How are the data updated?

There are two main types of updates to the RC Dataset.

Clustering updates recalculate the clustering structure of the entire dataset "from scratch" using the most recent MAC data and the method described above. The last clustering update was in fall 2023.

Article and metadata updates assign articles that were added to the MAC after the last clustering update to existing clusters, and then recalculate cluster-level metadata with the newly assigned articles taken into account. Each new article is assigned to the cluster it cites the most. Article and metadata updates use an automated process that we run roughly monthly.

Credits

Virtually all CSET data team members have contributed to the RC Dataset in some form, whether by providing feedback, reviewing code, or helping generate ideas.
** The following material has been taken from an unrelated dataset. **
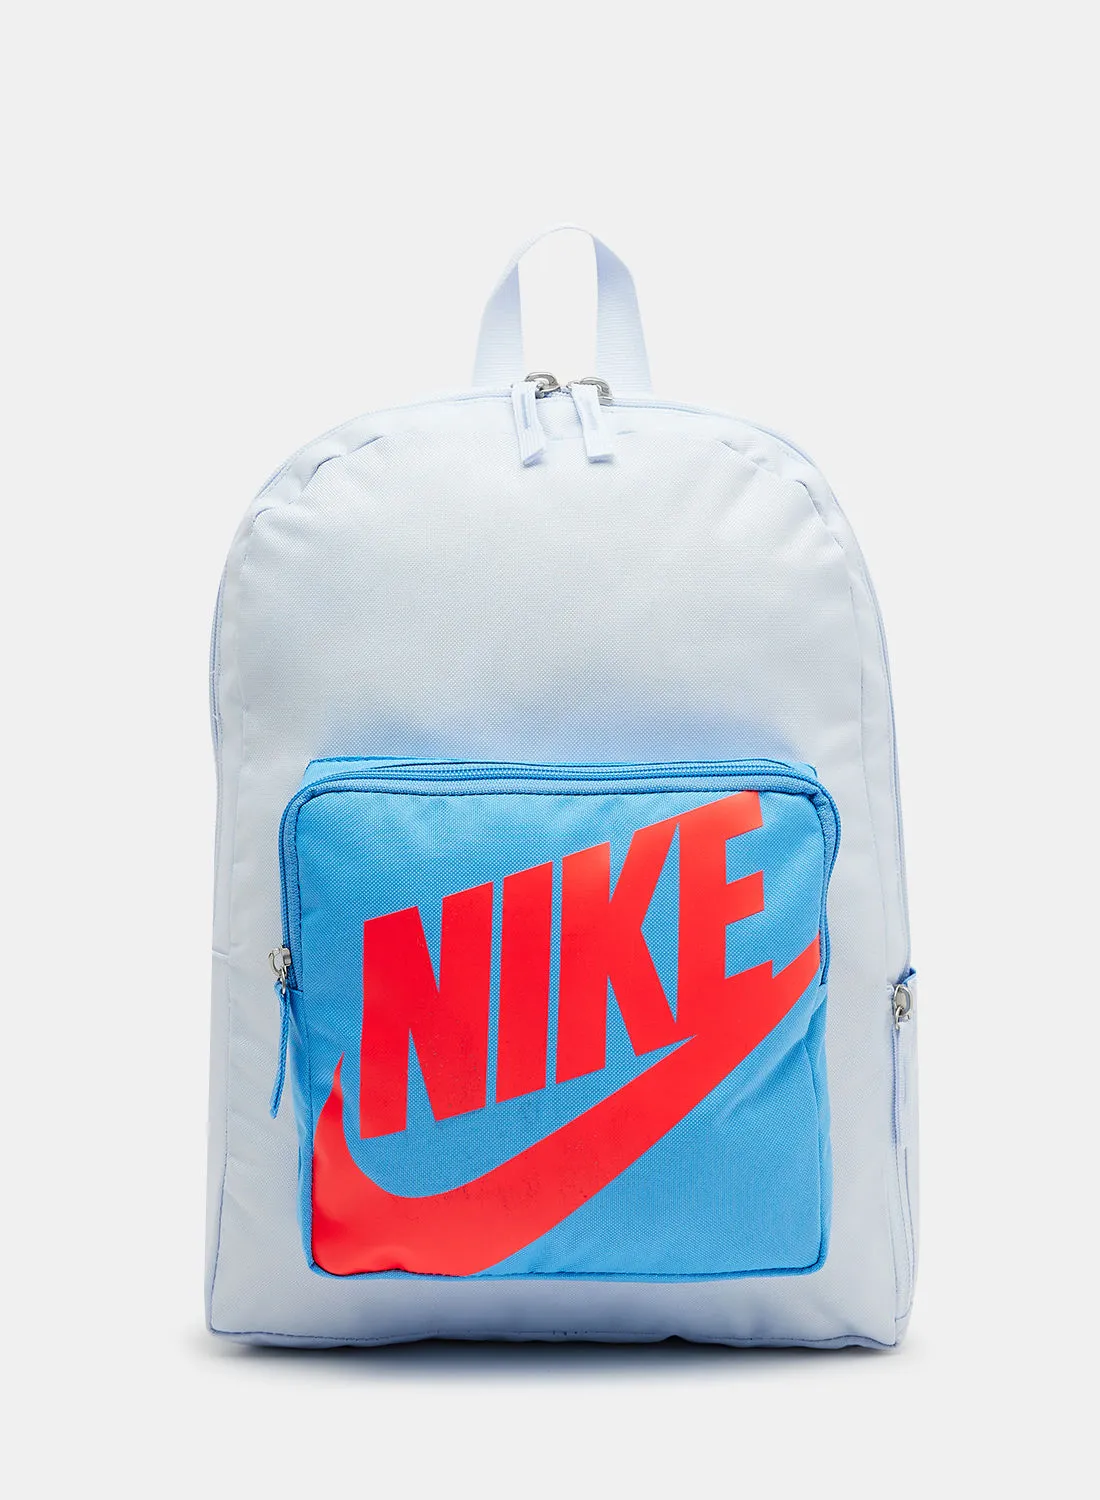 Nike Kids Unisex Classic Training Backpack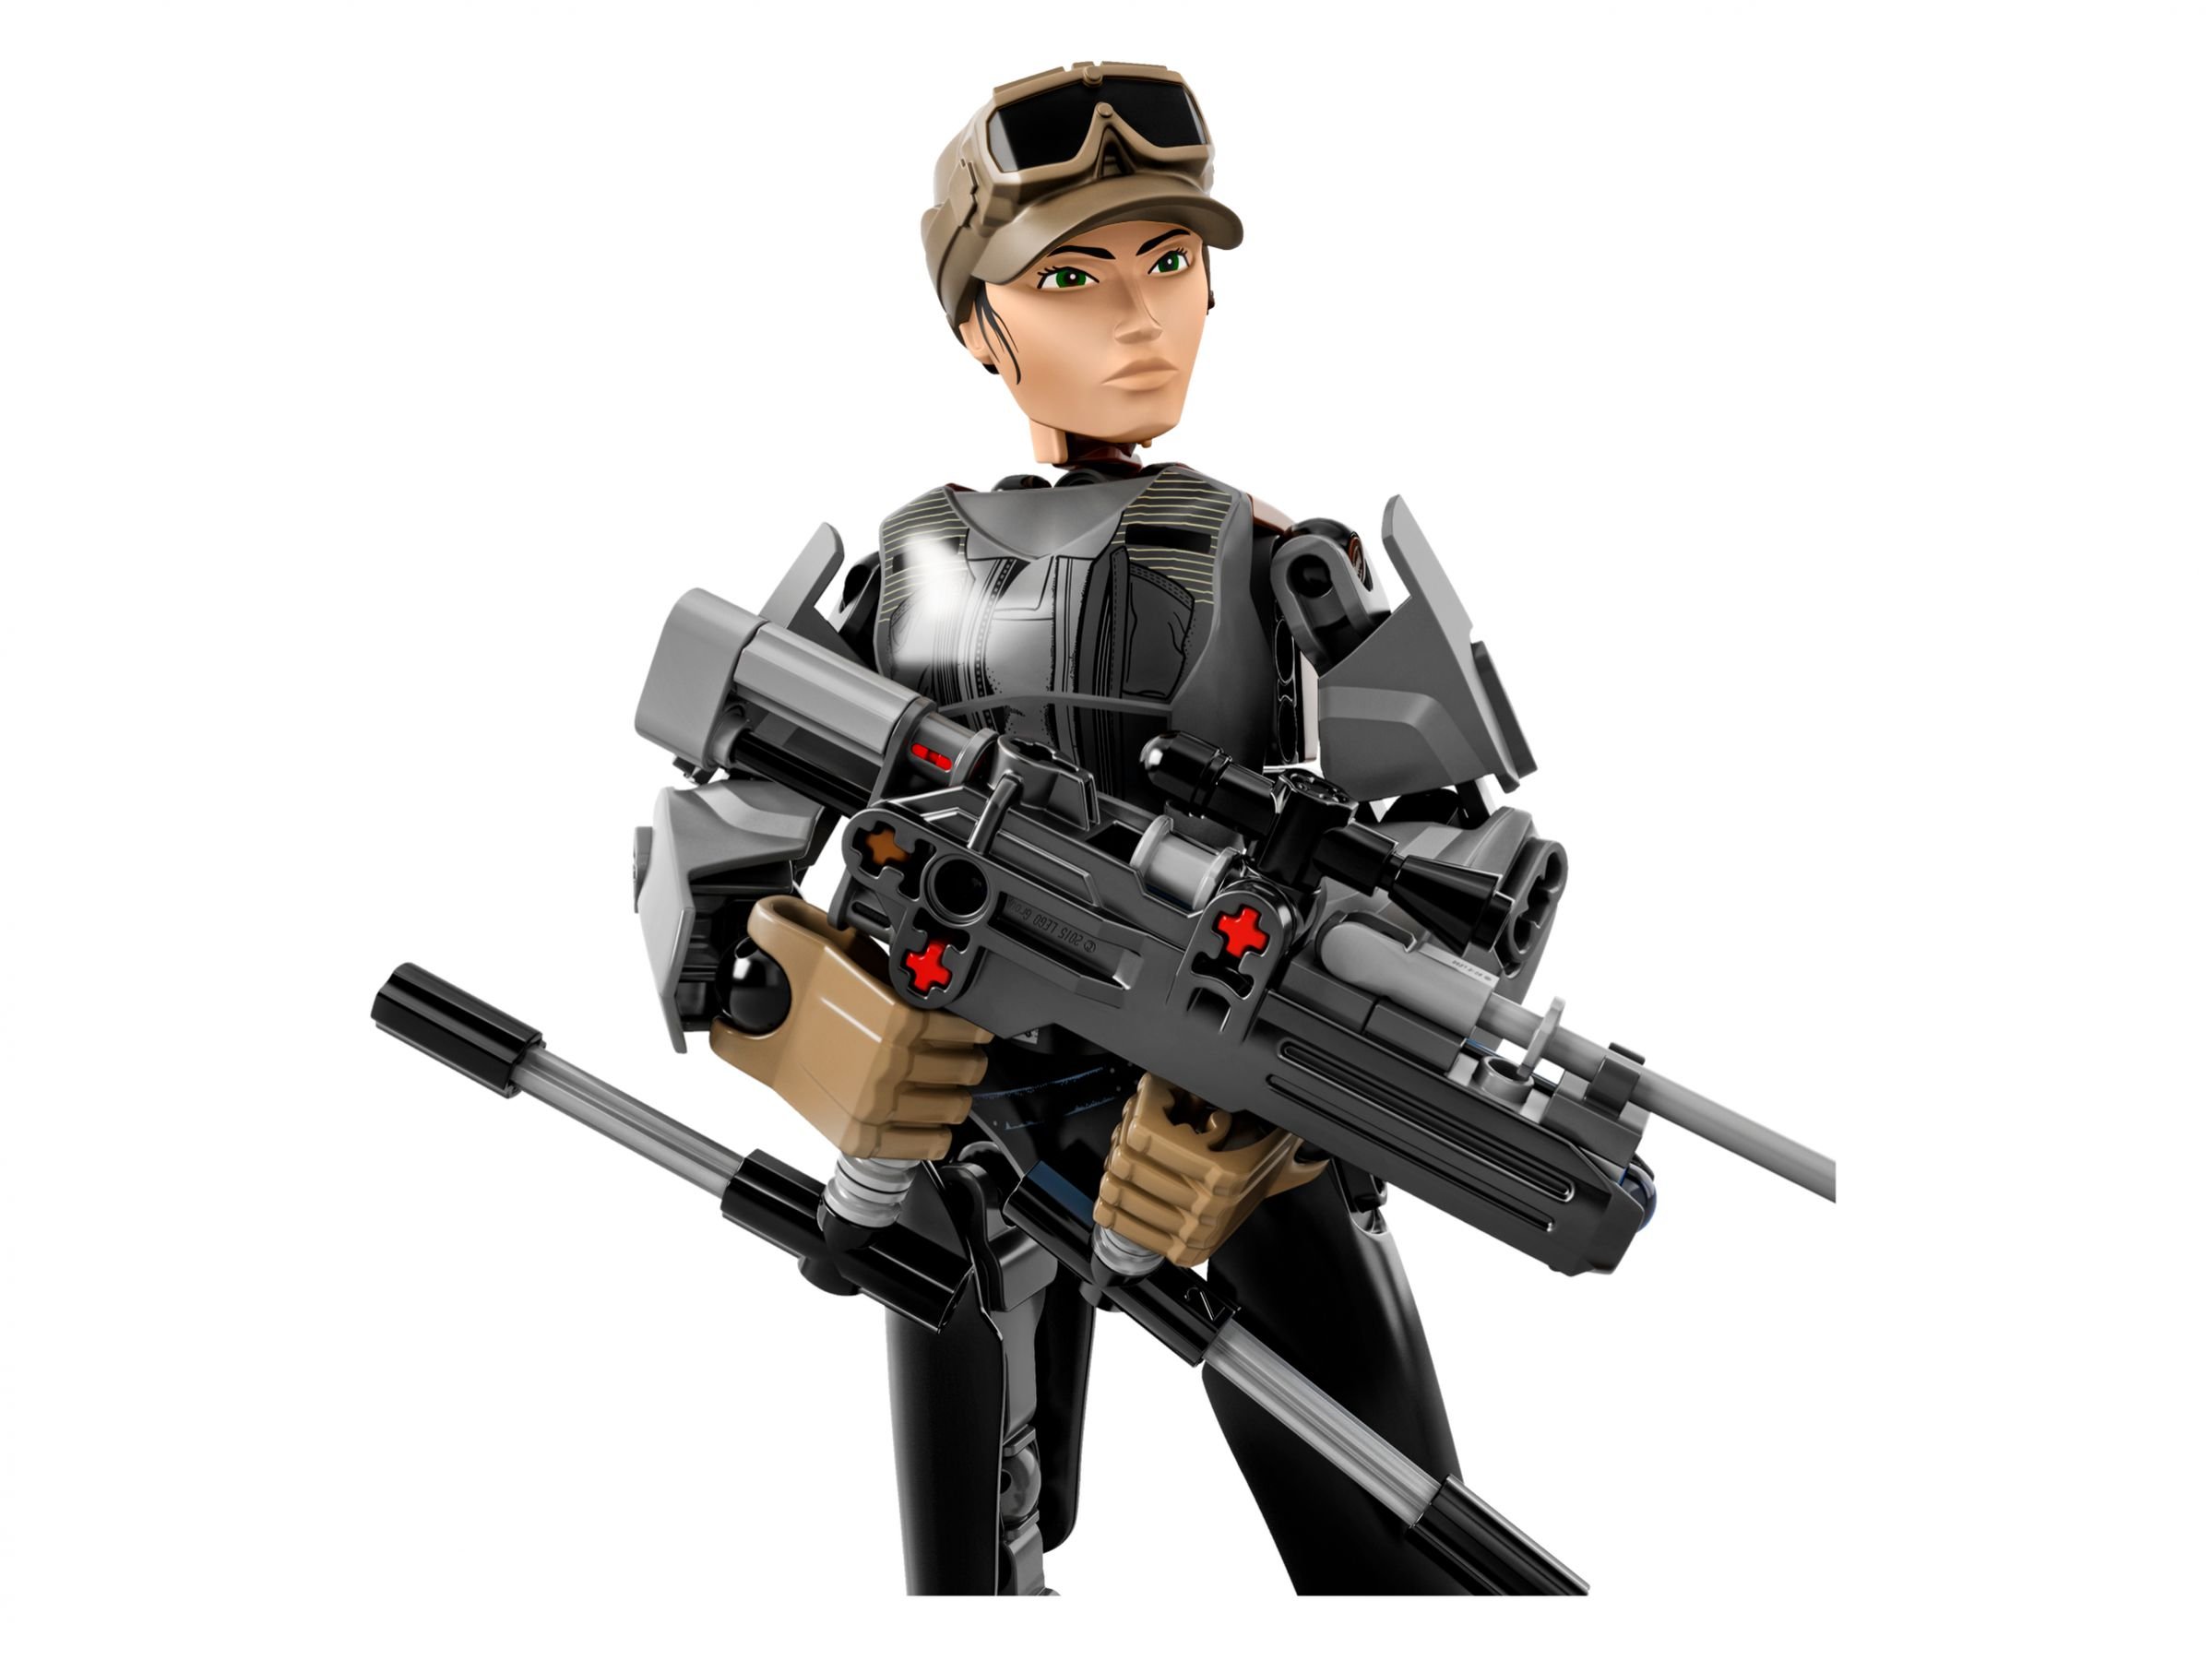 LEGO Star Wars Buildable Figures 75119 Sergeant Jyn Erso™ LEGO_75119_alt3.jpg

In alphabetical order, some particular contributions follow:

  • Rebecca Gelles: Phrase extraction and patent metrics development
  • Jennifer Melot: Clustering pipeline implementation and automation support; metadata aggregation and development support
  • Katherine Quinn: Clustering methodology and experimentation
  • Ilya Rahkovsky: Clustering methodology and experimentation, metadata aggregation, and primary metrics development
  • Autumn Toney: Metrics development and review

Dewey Murdick and SciTech Strategies helped develop the clustering concept and methodology. Student research assistant Jerod Sun contributed data characterization. Zach Arnold helped create this documentation.

Major change log

10/13/22Initial release (ETO/CSET internal)
11/22/232023 update following changes to MAC (ETO/CSET internal)

Footnotes

  1. Our clustering algorithm involves a random seed, so the clusters it generates may vary somewhat between runs. To improve stability, we ran the algorithm five times with the same input parameters and different random seeds, resulting in five different cluster structures. For each citation link in the MAC, we then identified how often the cited and citing papers appeared in the same cluster across the five runs. We defined a citation link as "unstable" if the cited and citing paper were in the same cluster in fewer than three of the five runs.

  2. We can measure consistency by measuring how often articles switch clusters across successive runs of the clustering algorithm. In our current process, fewer than 1% of articles switch clusters from run to run (on average).